> **Collected material**
-- Opening Marker --

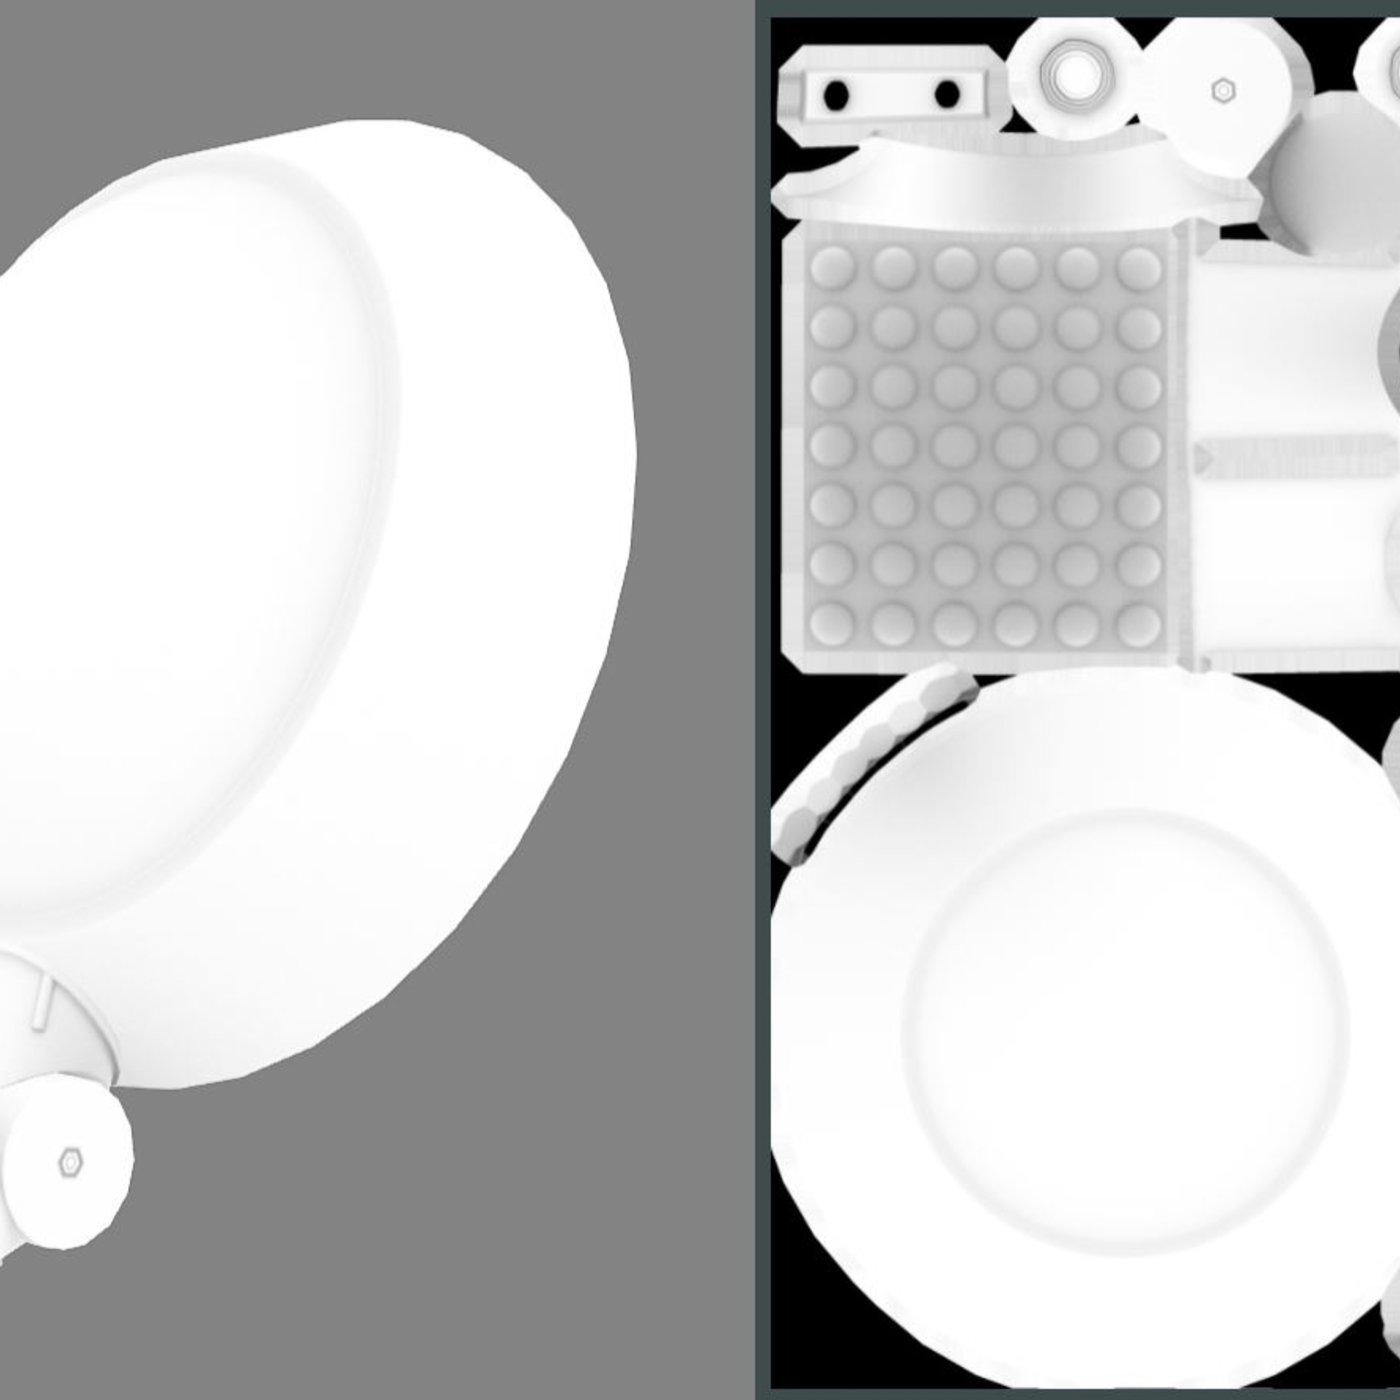 Sci-Fi City Light - Street Light 15 (Low-Poly Version) - Blender-2.80.1
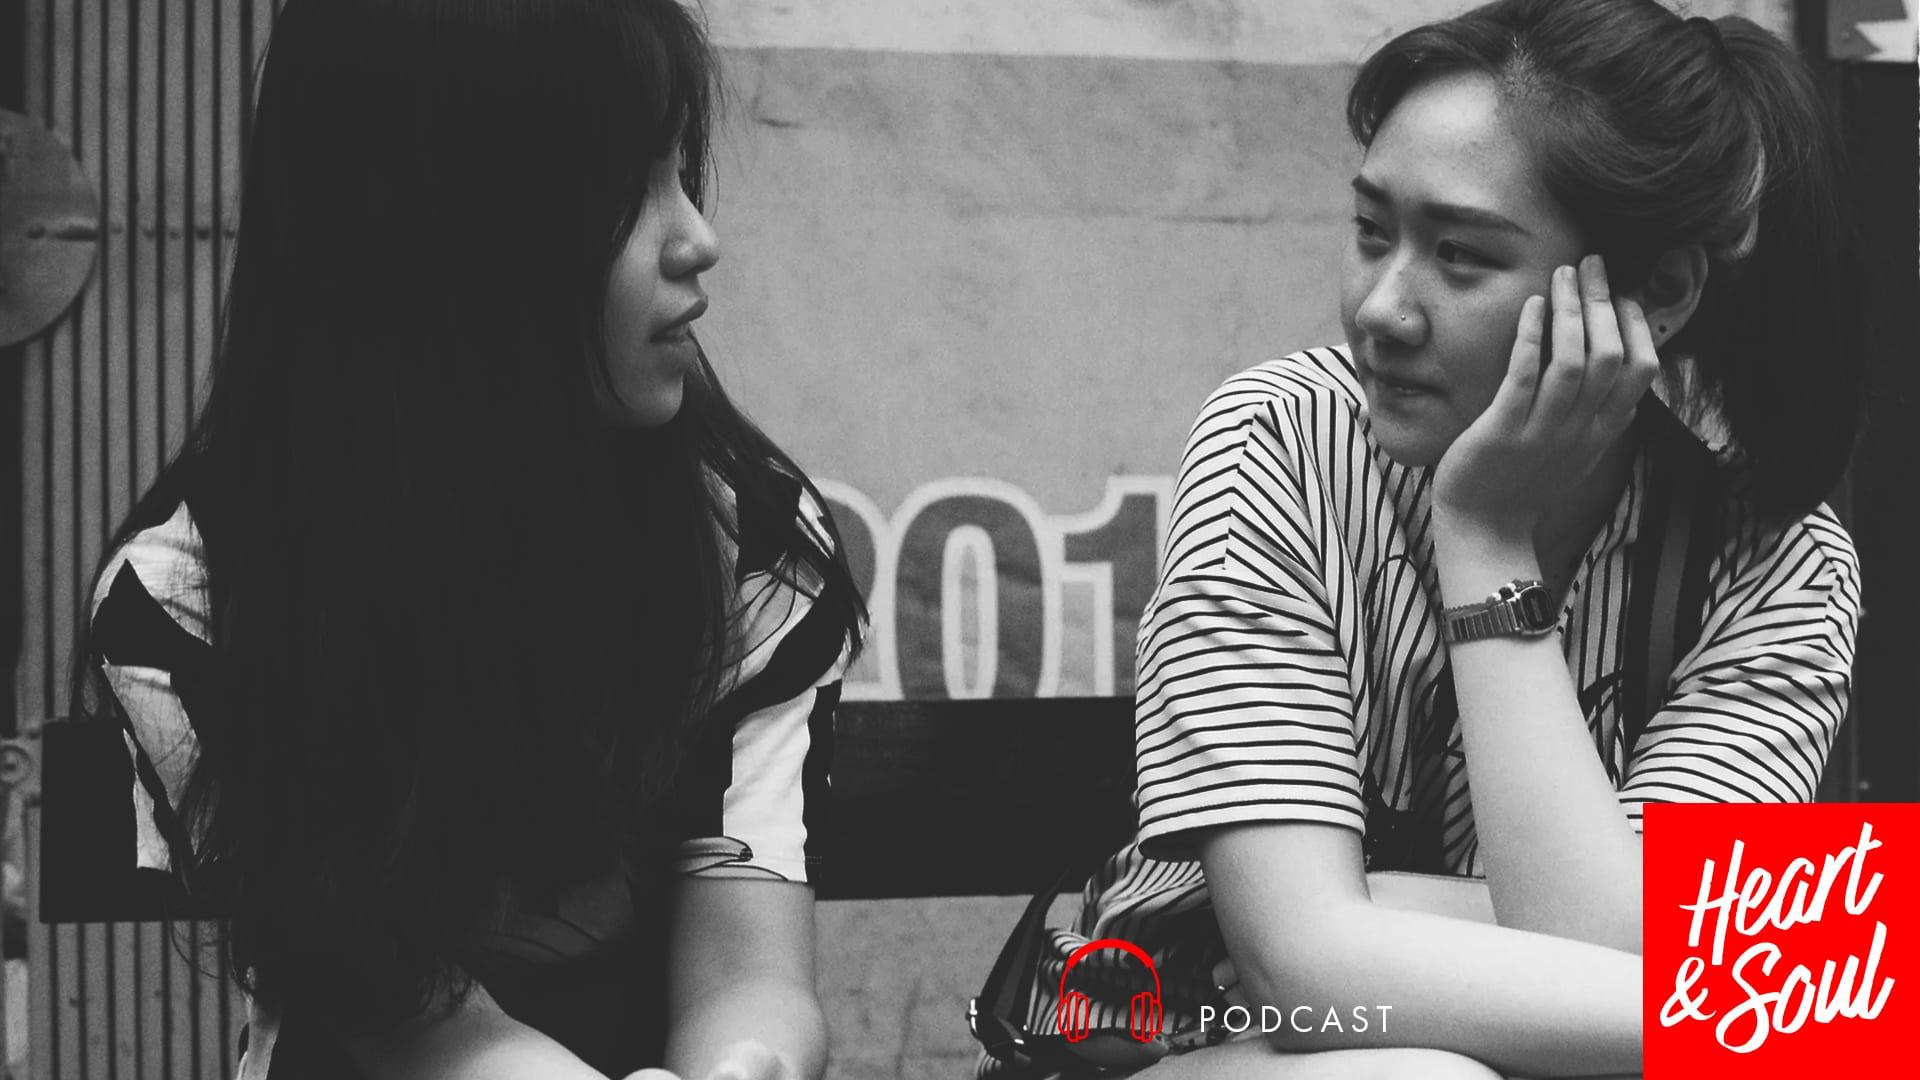 Two asian women in conversation
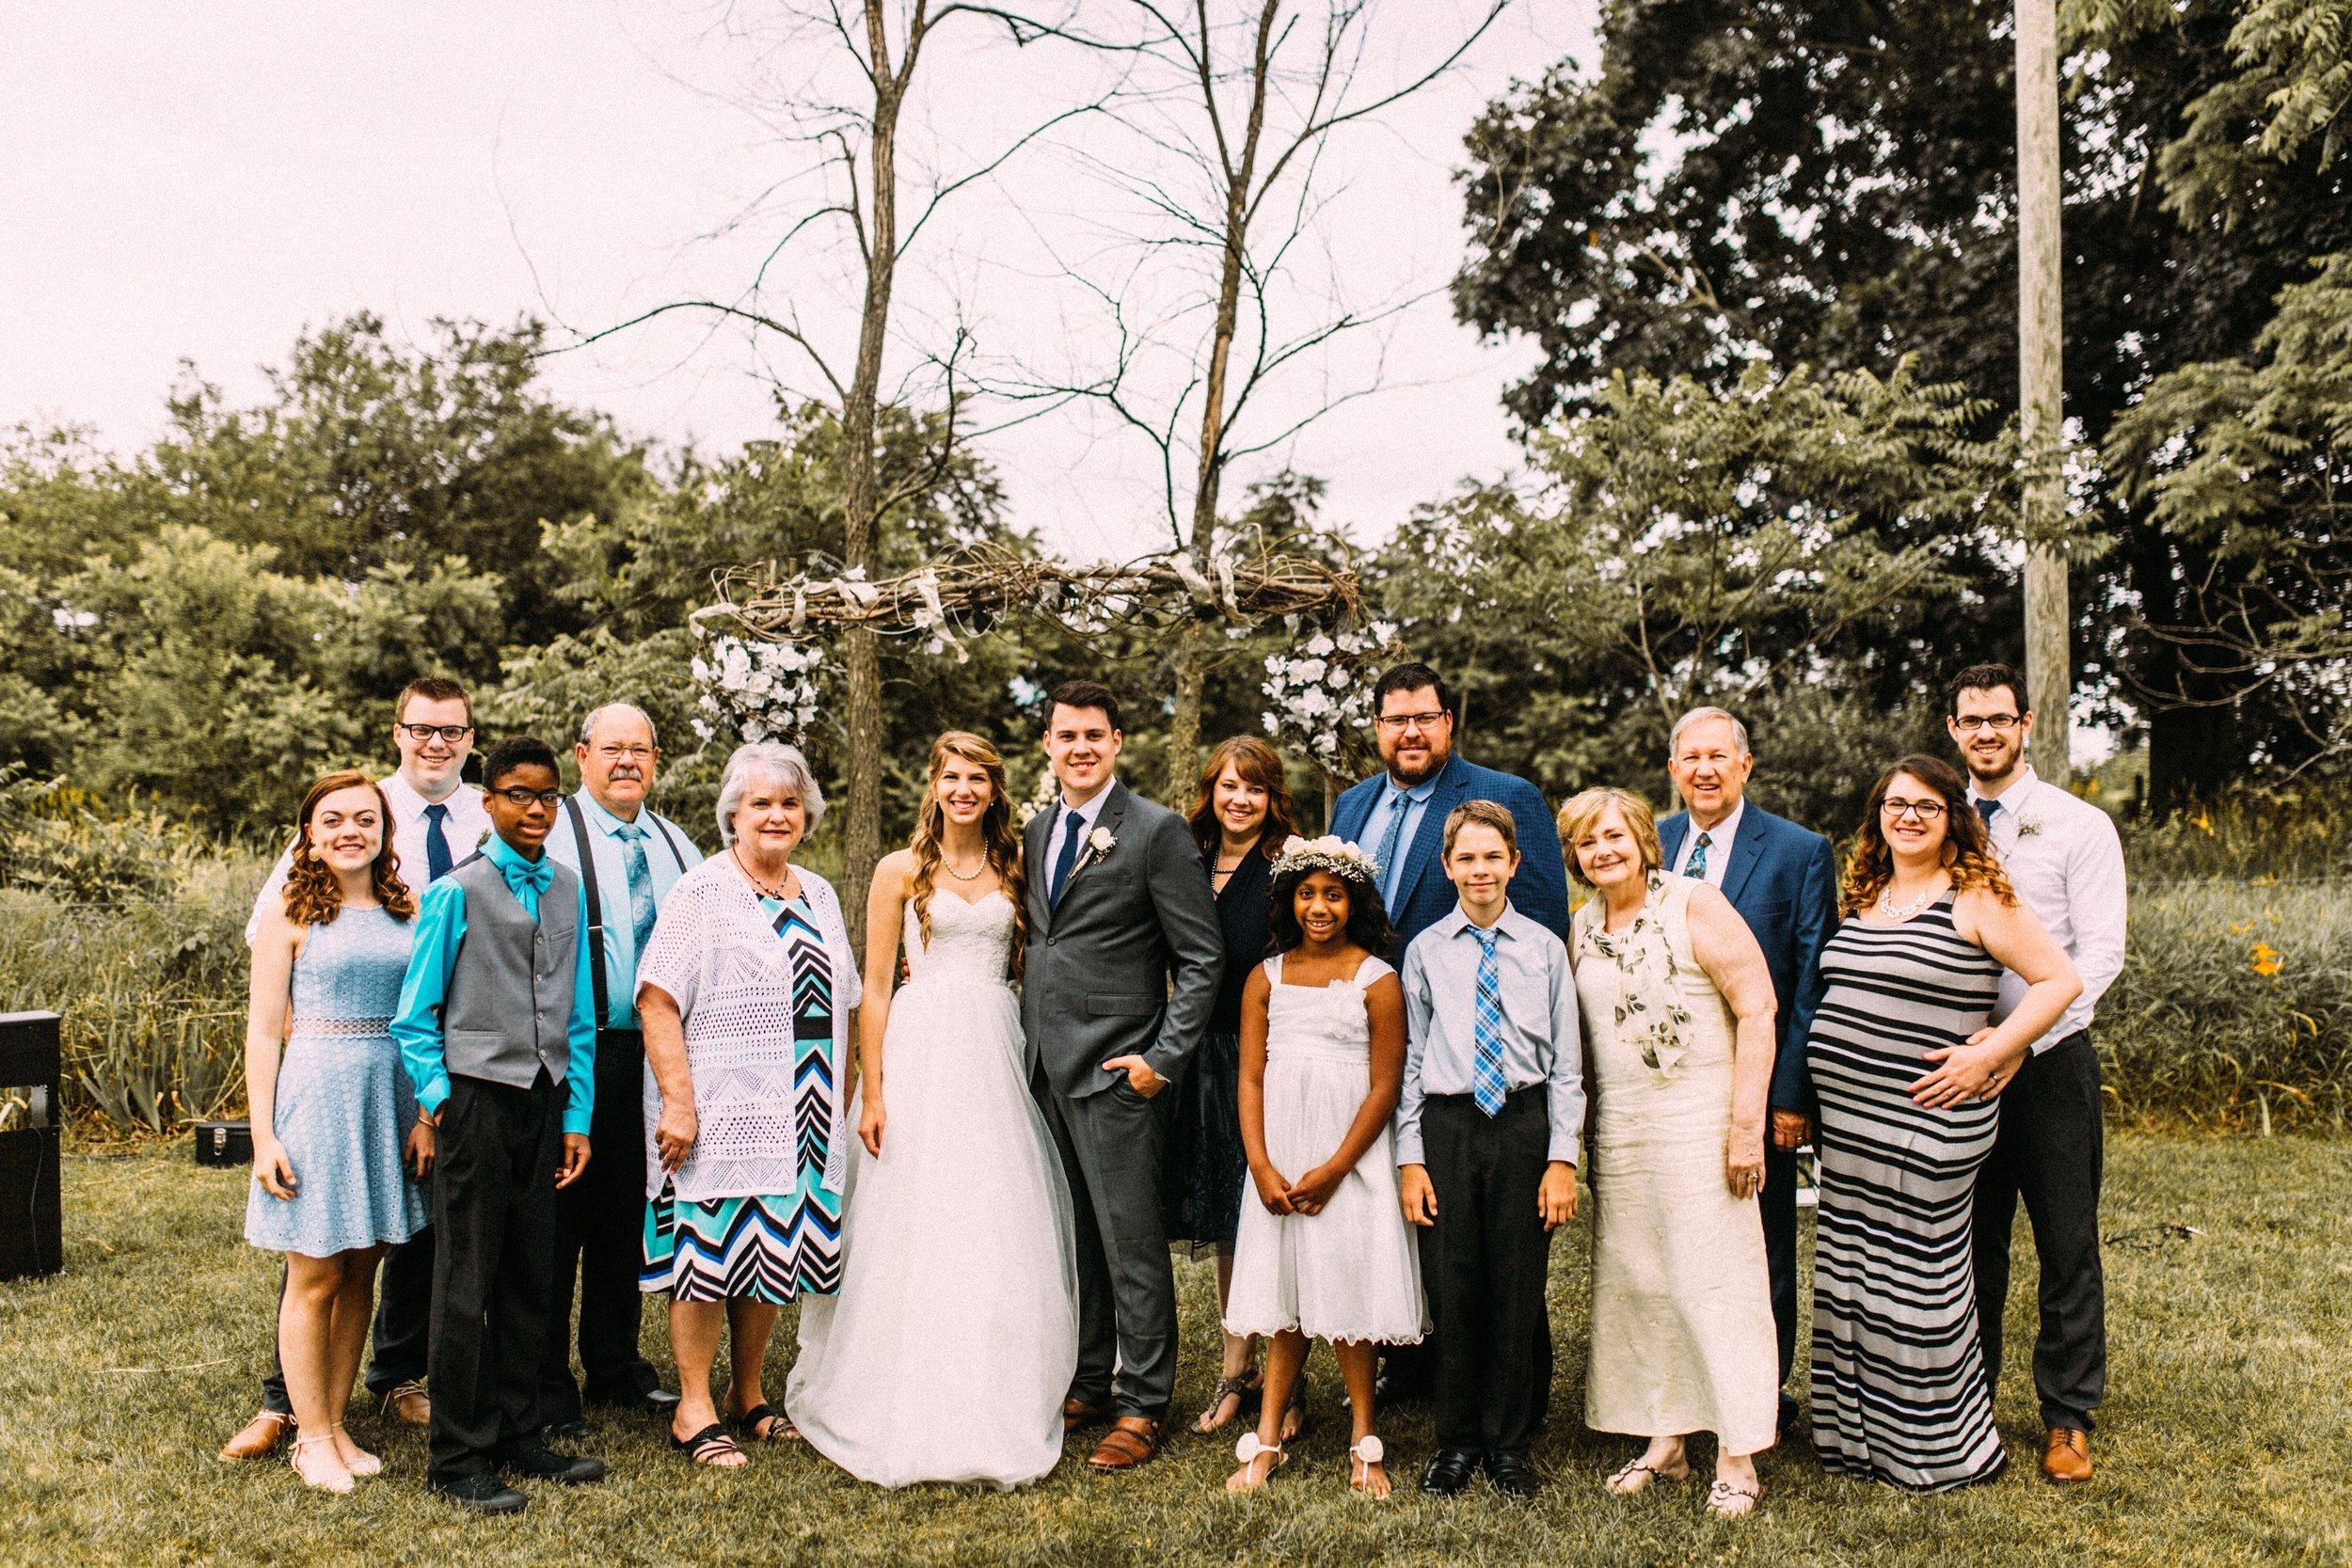 The family at Clayton & Olivia's wedding

-- Closing Marker --

> **Directions for this task**
Please give all of the data again, exact and free of pictures.

> **Response box**
 Sci-Fi City Light - Street Light 15 (Low-Poly Version) - Blender-2.80.1
 Two asian women in conversation
 The family at Clayton & Olivia's wedding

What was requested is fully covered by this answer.